Up to this point she had refused to consider the possibility that the body and the machine had anything of substance in common. But her use of the word “mechanic” felt like a small victory. Maybe talking about blood like you would water in a hydraulic system pushes the smell of decay further away—but to me it signaled that we are more used to talking about the body as if it were a machine than we are willing to acknowledge. In theory, we’re religious about keeping these spheres—human and machine—separate. However, in practice, there’s more bleeding than we’re willing to admit.

Developments in generative AI have accelerated the production of digital images, texts, and other forms of art–activities we consider exclusively human–and it’s making us very anxious. We are telling ourselves a story of technological advancement in which the machine penetrates into the most human of activities. Some say it’s enhancement while others argue it’s contamination. In either case, it raises questions about where we humans stand and what new meaning it can give our very human cultural outputs.

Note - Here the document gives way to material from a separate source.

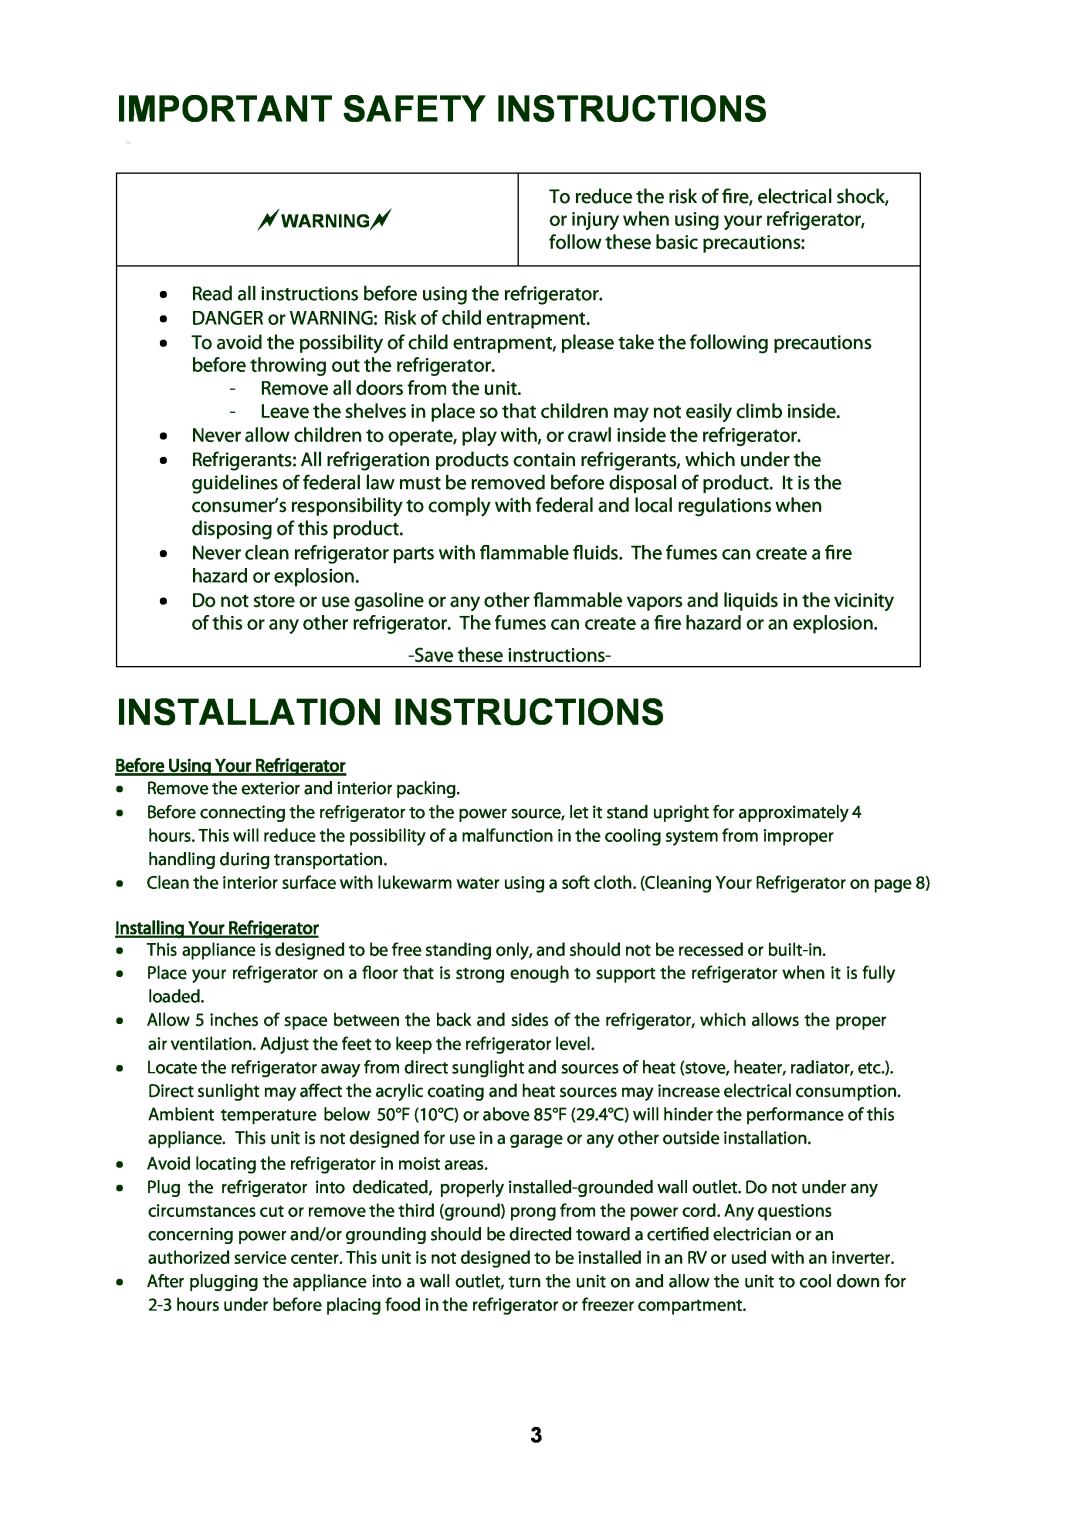 Oster OSDR325B1, Oster 3.25 CU. FT. Refrigerator instruction manual Important Safety Instructions, Installation Instructions

I previously wrote about how humans react to AI with disgust–reading it as off, not right, and unnatural—thereby limiting its intrusion into art and culture. We can recoil from the sickening facsimiles of human things–be they our faces, bodies, or art. We can fall into the Valley of the Uncanny, where the robotic or artificially-intelligent comes across as eerie and unsettling. However, we can always develop a taste for them and slowly train our natural instincts to reformulate their responses to the unknown.

But our deep concerns don’t just have to do with metabolizing AI, they also concern the “bleed” of software into culture, areas where the human hand and mind have always been the dominant mode. This desire to “staunch” the bleed has less to do with the inherent qualities of AI culture and more to do with our fragile ability to draw firm boundaries between AI and human cultures.